Below is my code till now.

private void CreateSampleWordDocument()
    {
        //string sourceFile = Path.Combine("D:\\GeneralLetter.dot");
        //string destinationFile = Path.Combine("D:\\New.doc");
        string sourceFile = Path.Combine("D:\\GeneralWelcomeLetter.docx");
        string destinationFile = Path.Combine("D:\\New.docx");
        try
        {
            // Create a copy of the template file and open the copy
            File.Copy(sourceFile, destinationFile, true);
            using (WordprocessingDocument document = WordprocessingDocument.Open(destinationFile, true))
            {
                // Change the document type to Document
                document.ChangeDocumentType(DocumentFormat.OpenXml.WordprocessingDocumentType.Document);
                //Get the Main Part of the document
                MainDocumentPart mainPart = document.MainDocumentPart;
                mainPart.Document.Save();
            }
        }
        catch
        {
        }
    }

Now how to find certain text and replace the same? I am unable to get via Link, so some code hint would be appreciable.

7条回答
小情绪 Triste *
2楼-- · 2020-02-21 08:31
Dim doc As WordprocessingDocument = WordprocessingDocument.Open("Chemin", True, New OpenSettings With {.AutoSave = True})

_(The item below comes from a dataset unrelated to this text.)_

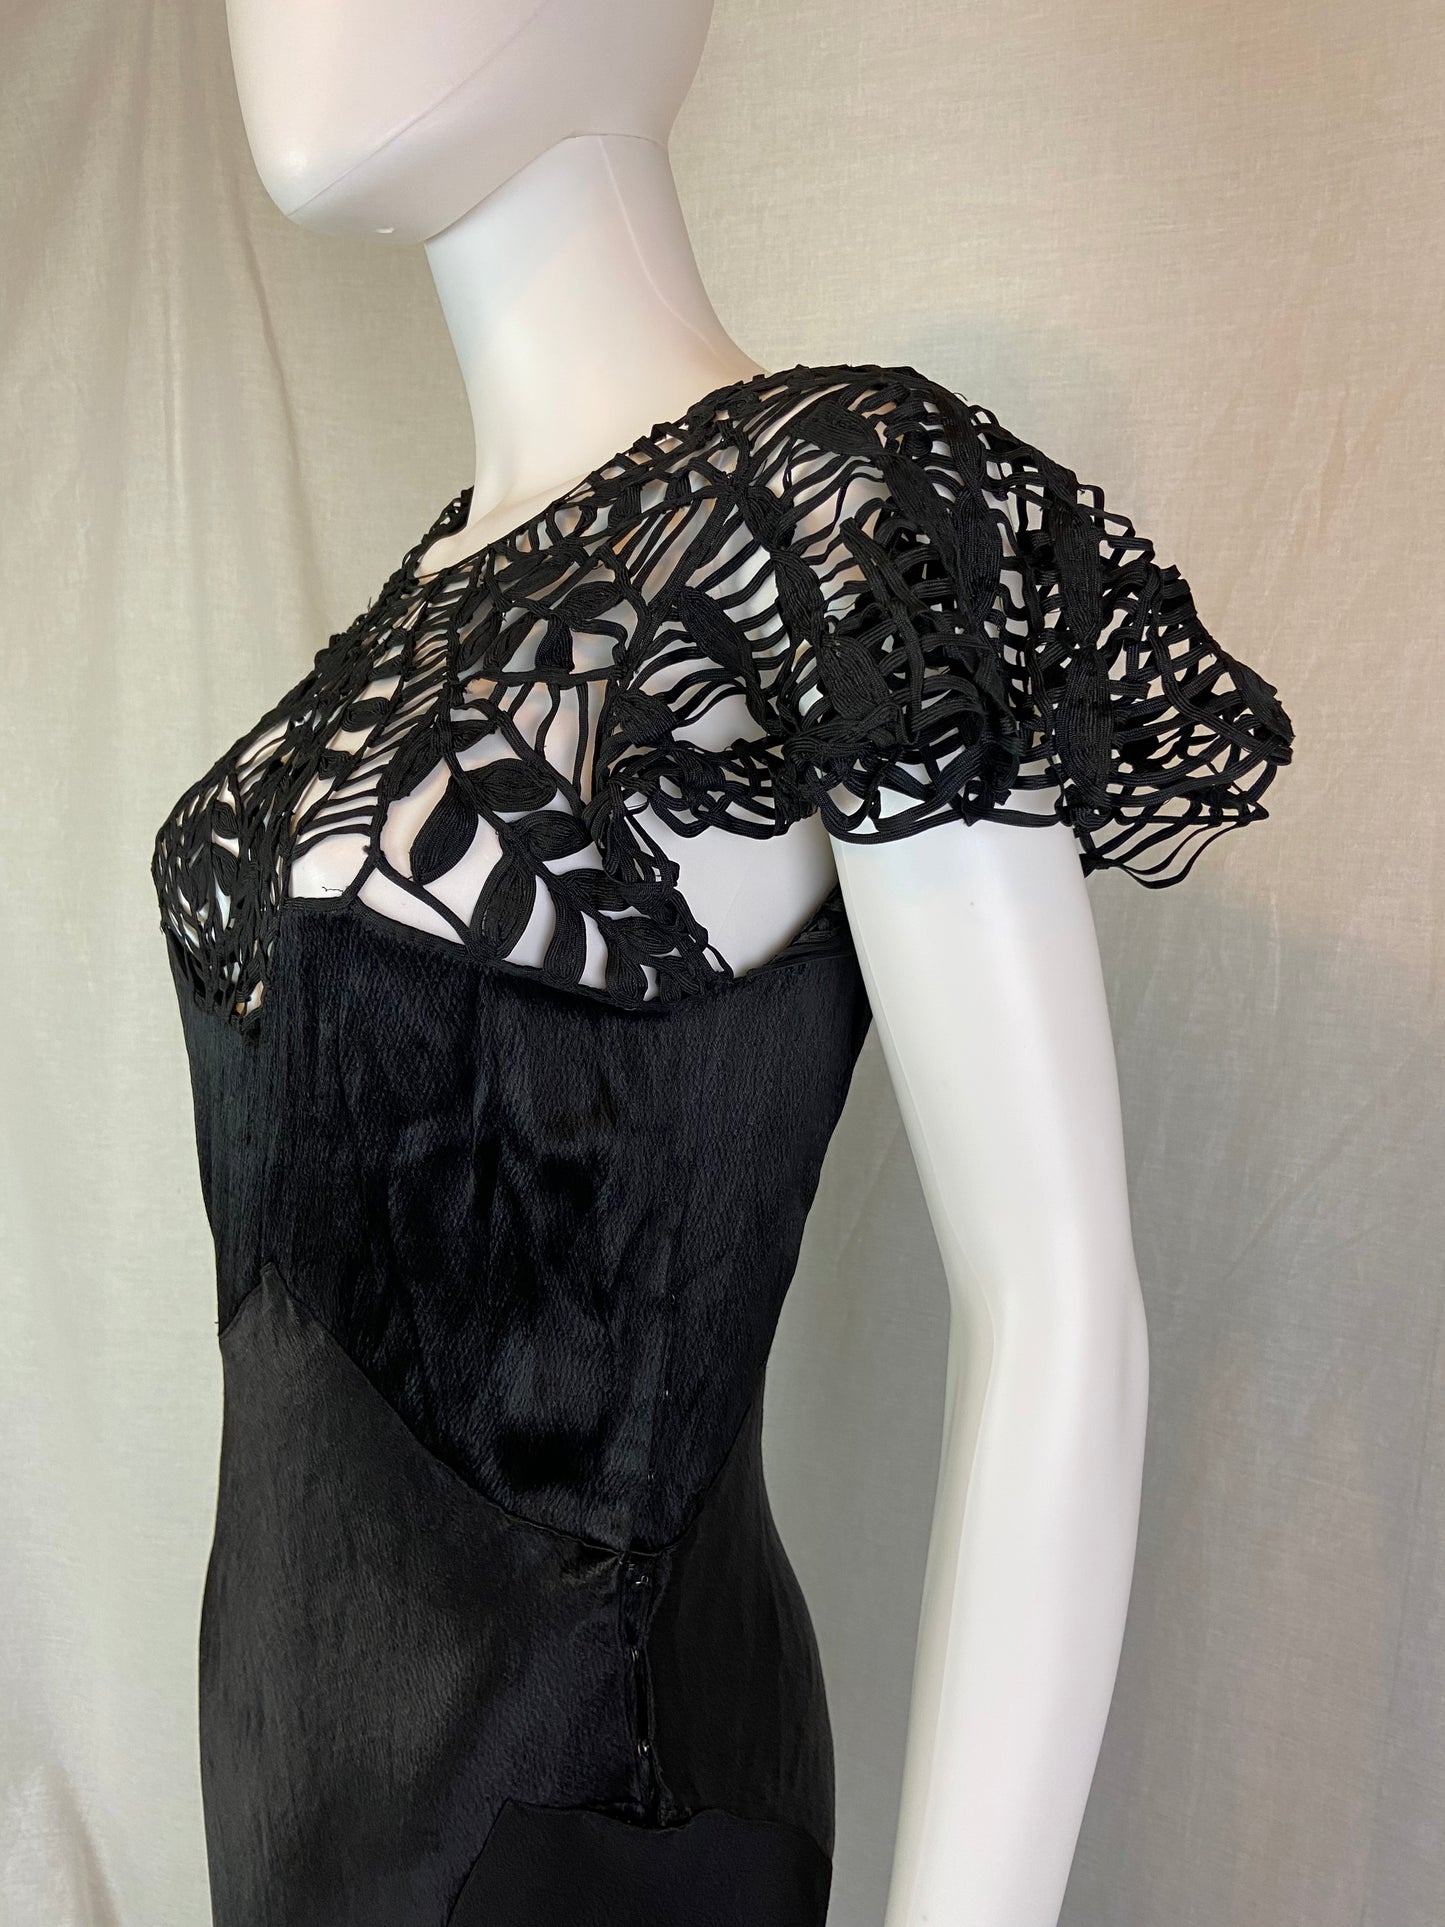 Antique Black Woven Lace Silk Bias Gown
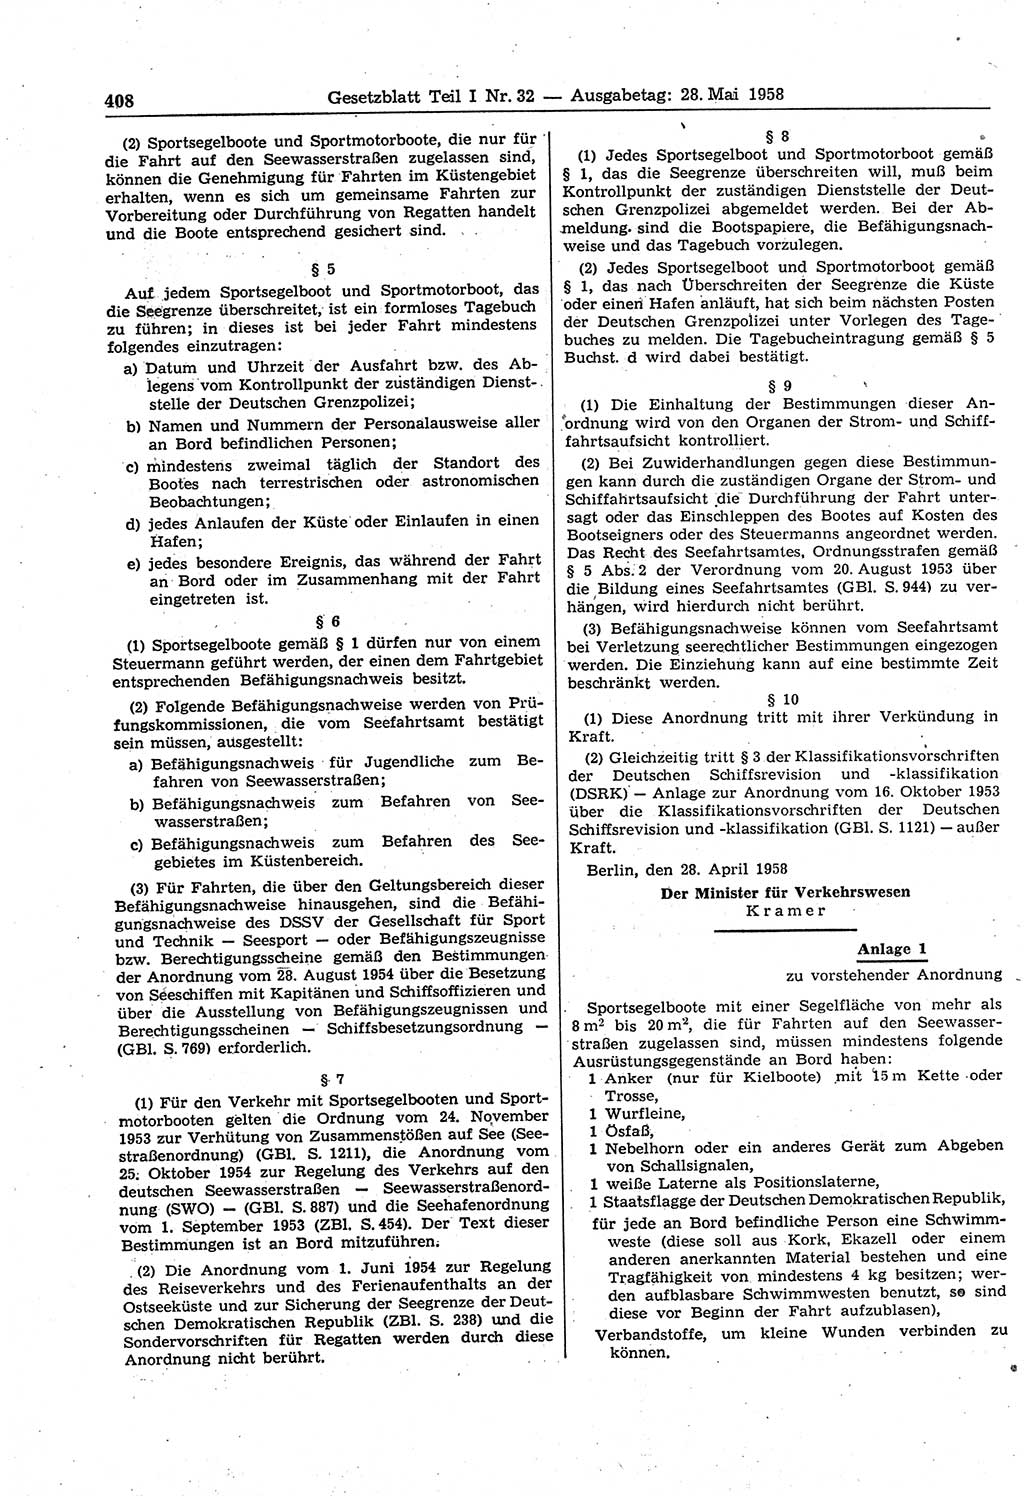 Gesetzblatt (GBl.) der Deutschen Demokratischen Republik (DDR) Teil Ⅰ 1958, Seite 408 (GBl. DDR Ⅰ 1958, S. 408)

Dim d As Document = doc.MainDocumentPart.Document

Dim txt As Text = d.Descendants(Of Text).Where(Function(t) t.Text = "txtNom").FirstOrDefault

If txt IsNot Nothing Then
 txt.Text = txt.Text.Replace("txtNom", "YASSINE OULARBI")
End If

doc.Close()
查看更多
倾城 Initia
3楼-- · 2020-02-21 08:32

In addition to Flowerking's answer:

When your Word file has textboxes in it, his solution would not work. Because textbox has TextBoxContent element so it will not appear at foreach loop of Runs.

But when writing

using ( WordprocessingDocument doc =
                    WordprocessingDocument.Open(@"yourpath\testdocument.docx", true))
{
    var document = doc.MainDocumentPart.Document

    foreach (var text in document.Descendants<Text>()) // <<< Here
    {
        if (text.Text.Contains("text-to-replace"))
        {
            text.Text = text.Text.Replace("text-to-replace", "replaced-text");
        }
    } 
}

it will loop all the texts in document(whether it is in textbox or not) so it will replace the texts.

Note that if the text is split between Runs or Textboxes, this also won't work. You need a better solution for those cases.

查看更多
我想做一个坏孩纸
4楼-- · 2020-02-21 08:39

Maybe this solution is easier:
1. a StreamReader reads all the text,
2. using a Regex you case-insensitively replace the new text instead of the old tex
3. a StreamWriter writes again the modified text into the document.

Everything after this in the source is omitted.